Josh_Soref: CORS is addressed by a one-off-whitelist by SSDP

Claes: richt suggests this is a proxy-less solution, but the web app client still needs to know the UPnP details for communicating via XHR with the service
... we see that integration with web intents will enable a decoupling on the low level details

richt: you either abstract behind web intents or afterwards (i.e. as in a web page script library)

Claes: do you (richt) name the web intents as a proxy?

<bryan> re access control, should the API support the functions described in UPnP-gw-DeviceProtection-v1-Service-20110224.pdf to ensure that the device if it includes access controls, they can be validated prior to the device being included in a picker? Or would that occur later in the process of accessing the device?

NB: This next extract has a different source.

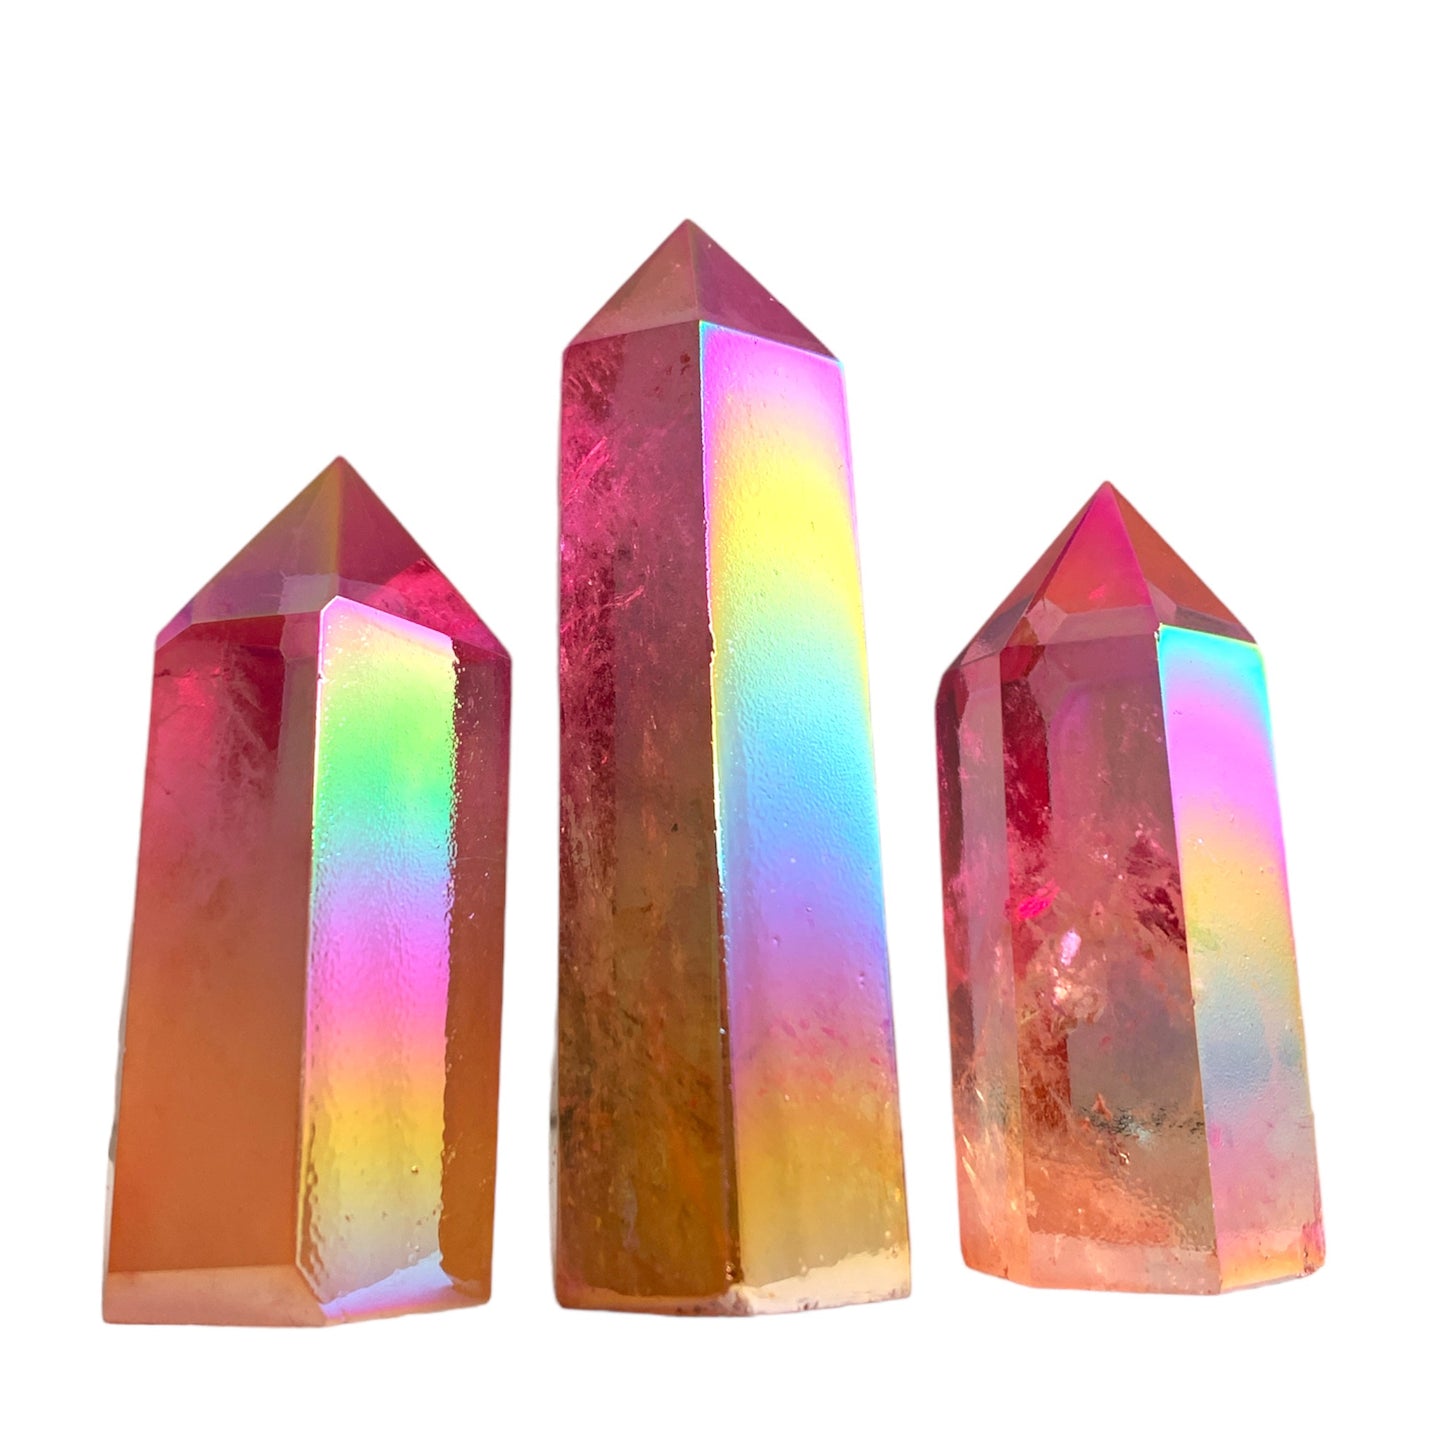 Clear Quartz Aura (Red Pink Yellow) - 3-4 inch - Price per gram - NEW423 - Polished Points

richt: you either have the web apps talking directly to the service over XHR in which case you need whitelisting mechanism or CORS, or you have a hidden gateway behind the web intents message channel.
... we should definitely look at whether we can solve this with web intents

OliverD: we should do that but it would be desirable to avoid slowing down solutions for UPnP

<Zakim> josh, you wanted to note that we're writing some WebIntents code right now for Location/Temperature demos

Josh_Soref: we're writing some WebIntents code right now for WebIntents code right now for Location/Temperature demos

gbillock: we have some demos coming up soon too.

richt: I can mint new URLs e.g. for temperatures, but need a solution for legacy devices.

Josh_Soref: there will be a set of common devices/services. For those we can expect a drop in proxy for them
... legacy devices probably have security problems, so proxies are actually a good thing

<richt> ACTION: richt to provide more use cases for Networked Service Discovery [recorded in http://www.w3.org/2012/03/20-dap-minutes.html#action21]

<trackbot> Created ACTION-528 - Provide more use cases. [on Richard Tibbett - due 2012-03-29].

dsr: not against richt's proposal, library developers could help to address abstraction layer, but we should in parallel work on enabling abstraction behind web intents

Claes: I can help with white list mechanism investigation

gbillock: I am investigating that too

<dsr> ACTION: Claes to work with greg and bryan on investigating white list/CORS for networked services [recorded in http://www.w3.org/2012/03/20-dap-minutes.html#action22]

<trackbot> Created ACTION-529 - Work with greg and bryan on investigating white list/CORS for networked services [on Claes Nilsson - due 2012-03-29].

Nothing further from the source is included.